They are just bundles of fluffy cuteness. Are they all adopted?


----------



## pjewel (Apr 11, 2007)

Oh are they cute! I'm a Zany kinda gal myself. I want to hug her . . . and then steal her.


----------



## mckennasedona (Feb 20, 2007)

Okay, Zany is too cute to be real. Fess up, she's a stuffed toy, right?? :biggrin1:
Now, Marmot would be a terrific next step along the color spectrum for me, I think. <grin>


----------



## wannabe (Feb 3, 2008)

Heather They are adorable! How soon before Cash can have a sister??


----------



## trueblue (Jan 22, 2008)

They are sooo cute! I love those innocent little faces....especially Marmot's! I can attest to this...it doesn't take long to get MHS!! :biggrin1:


----------



## ama0722 (Nov 28, 2006)

:fencing: Zany is my favorite :fencing: I love her little white boots!


----------



## marjrc (Jan 13, 2007)

Oh my!

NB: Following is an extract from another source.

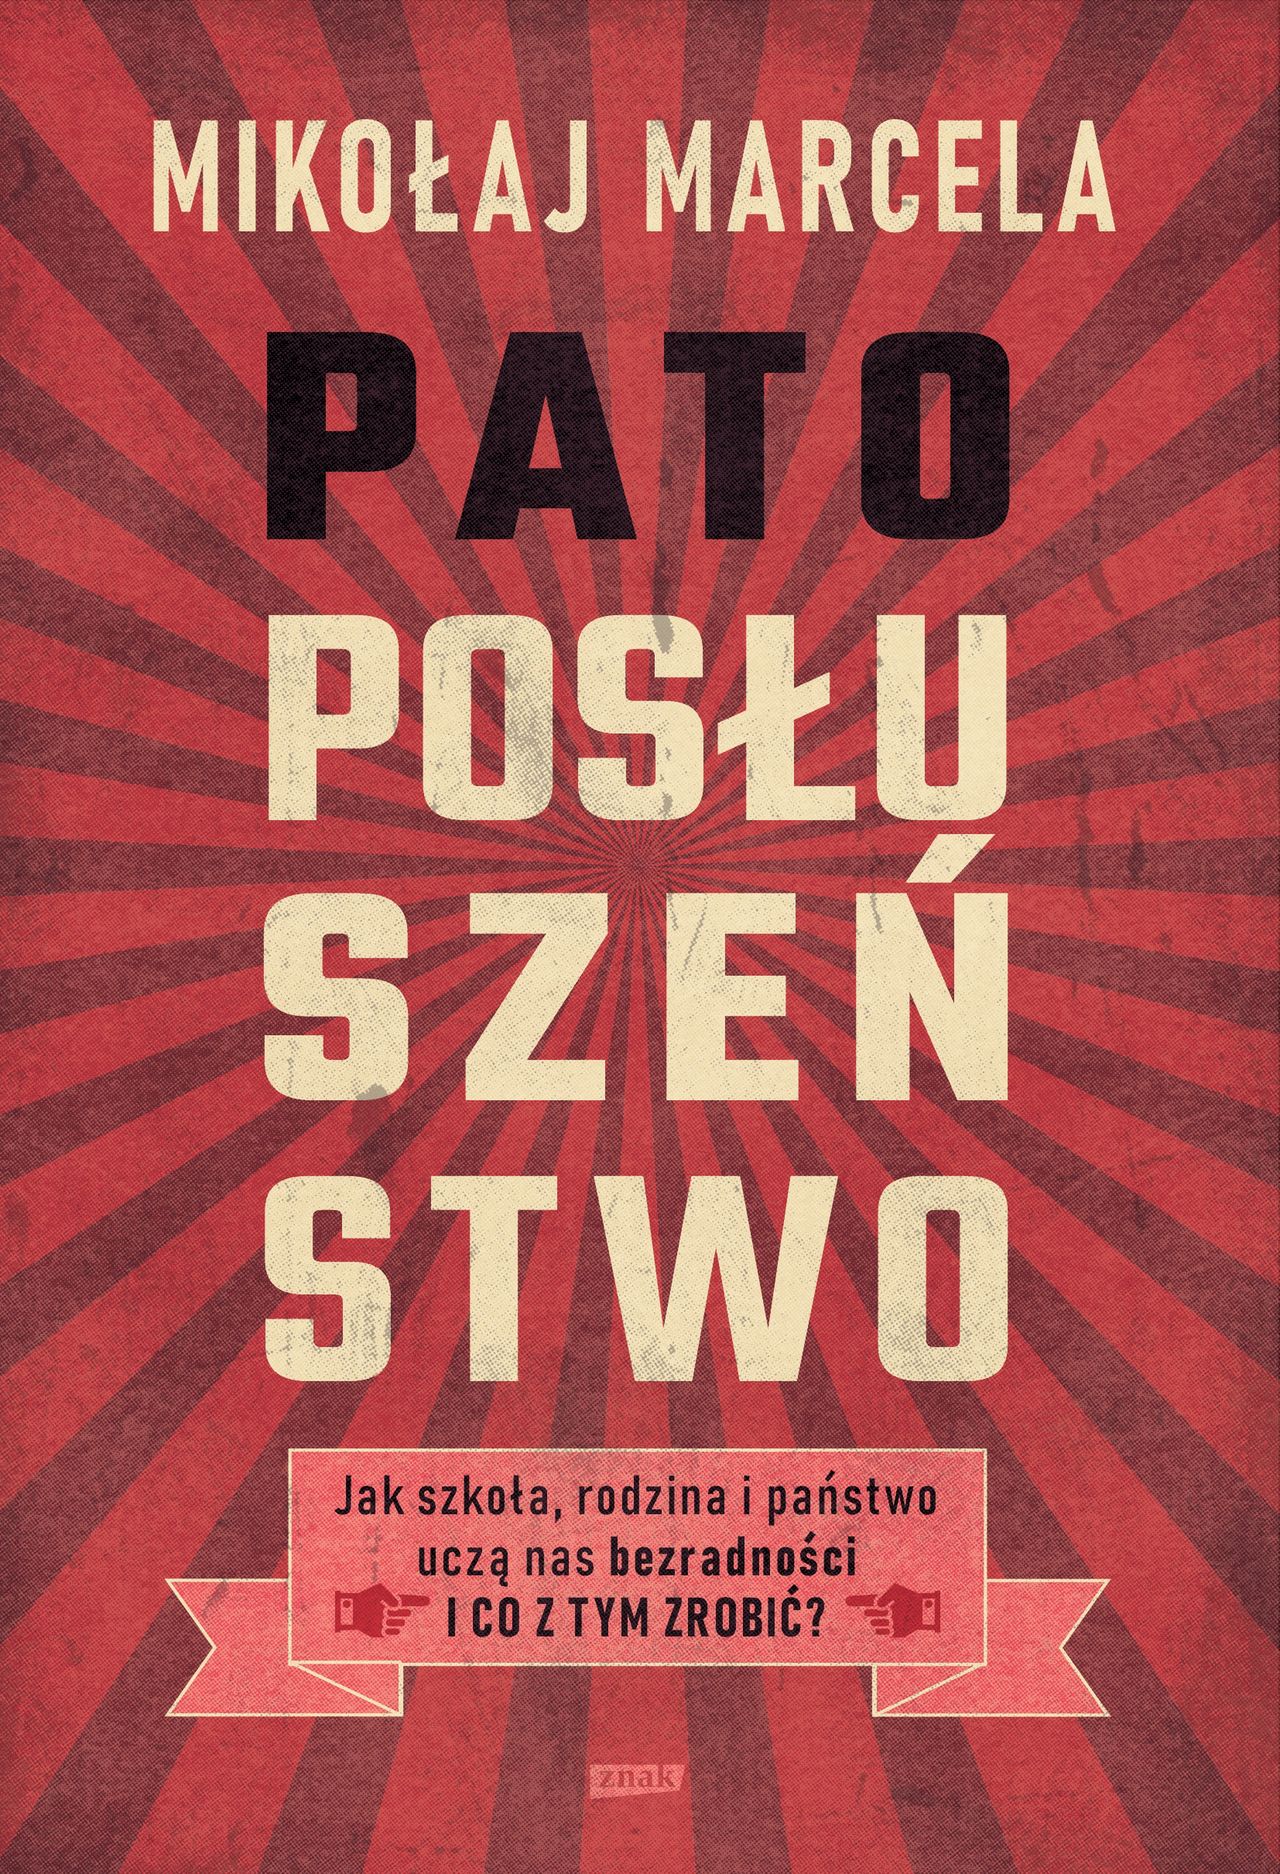 Okładka książki Mikołaja Marceli pt. "Patoposłuszeństwo"

They are so tiny! They look like little Gizmos. lol Very sweet!


----------



## CacheHavs (Aug 2, 2007)

Here are just a few fun shots when the girls were taking over the kitchen  I will post more pix later. Enjoy!!

:becky:


----------



## Me&2Girls (May 11, 2007)

Oh Heather, they look so pleased with themselves. MHS is hitting me real bad right now!


----------



## Jane (Jun 2, 2007)

Heather, you are just about killing me now. They are too cute. It hurts!


----------



## anneks (Mar 13, 2007)

Oh so cute, I love them at that age. They are so adorable!


----------



## EstrellaVila (Nov 30, 2007)

OMG they are so cute! Thanks for putting up the pictures~ I love it!


----------



## The Fussy Puppy Gang (May 21, 2007)

They are all adorable, but little Marmot is my favorite of this bunch. She looks like a sweet angel.

Wanda


----------



## CacheHavs (Aug 2, 2007)

Ahh Wanda, don't let the looks fool you :evil: she is not as sweet and innocent as she looks :laugh:


----------



## marjrc (Jan 13, 2007)

Oooooooohhhhhhh, look at the fuzzballs!! Omg, and they have the black and dark tips that I love so much!! Oh. I want one so badly!!!!! 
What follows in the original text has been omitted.